The announcement comes on the heels of Facebook launching a very similar initiative within Messenger. Right now, social networks are racing to rule messaging-based ads. And so far, augmented reality filters seem like the most promising way in.
To open its platform, Snap has shared its own creative tools and repackaged them for anyone to download for free in a desktop app called Lens Studio. It’s an app that allows you to create, and even animate, 3D figures in whichever software you prefer to use like Blender or 3ds Max, then import that data so it can live and breathe inside Snapchat. Once you’ve created a lens, you can easily share it. You’re provided a Snap Code (essentially a QR Code) that you can send to friends, or, when you use the lens yourself and share the video, other users will be able to tap the UI to adopt it themselves.
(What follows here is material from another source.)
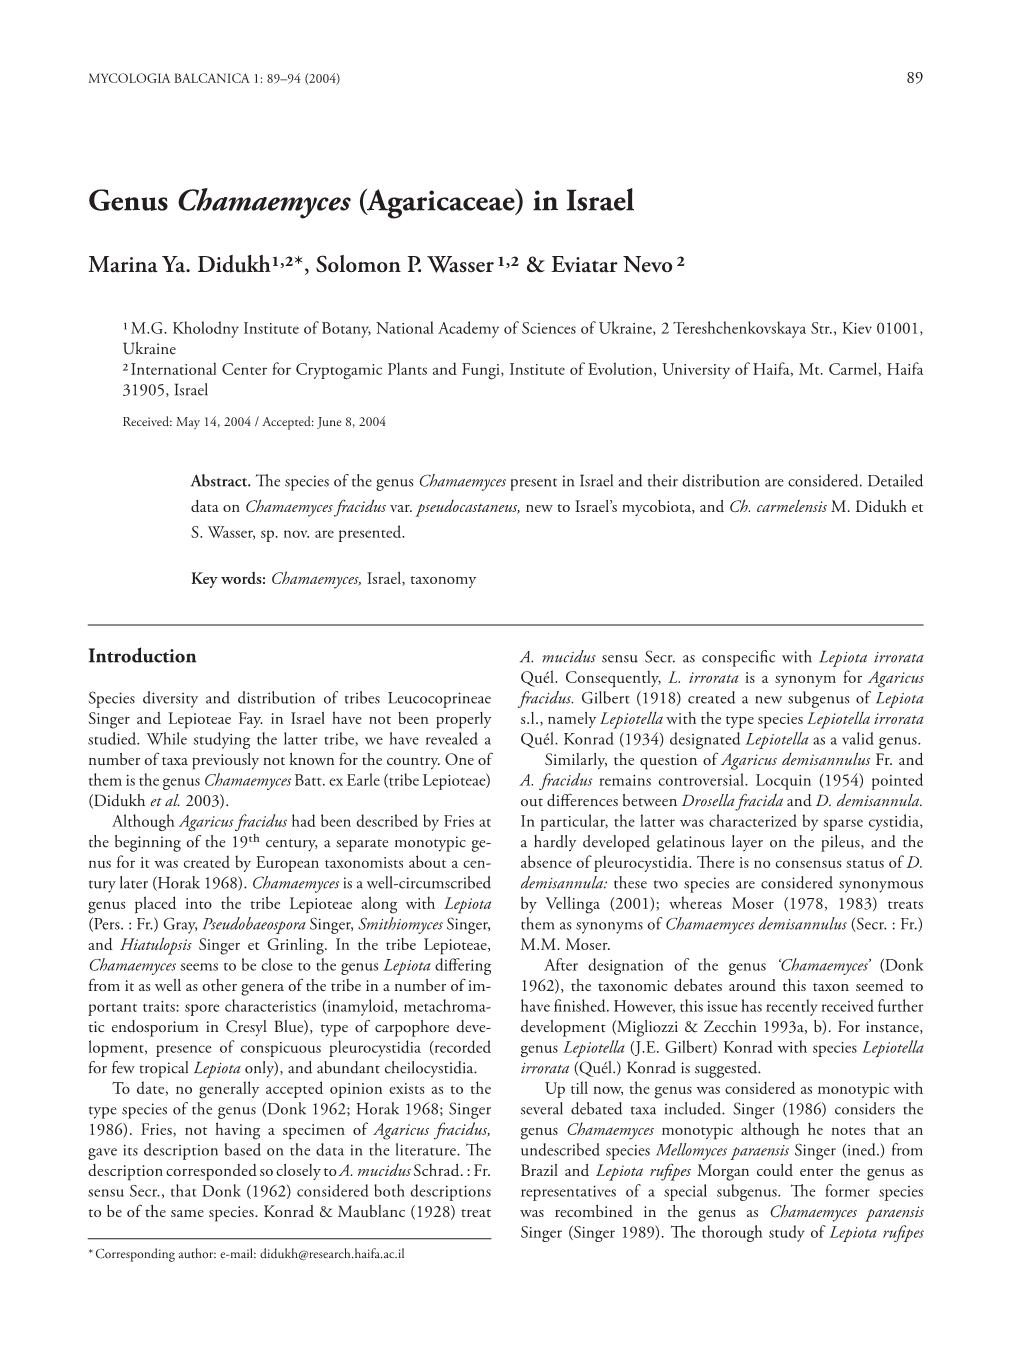 Genus Chamaemyces (Agaricaceae) in Israel

Snapchat’s growth has largely stagnated and its earnings aren’t meeting expectations. But the potential of 178 million daily users, 84% of whom are between the ages of 13 and 34 in the U.S., actively interacting with an ad that lives on their face, will surely woo marketers, especially with this more open toolset. The question, of course, is just how much? Could this be Snap’s YouTube moment for augmented reality experiences, in which the community takes over creative in a massive, self-perpetuating cycle? Or will rendering 3D figures on PCs prove too much of a hassle for Snap’s mobile-obsessed audience?
“We want to emphasize that this is just the beginning,” says Eitan Pilipski, VP, Camera Platform team, when I pose the question. “We want to put it out there and learn.”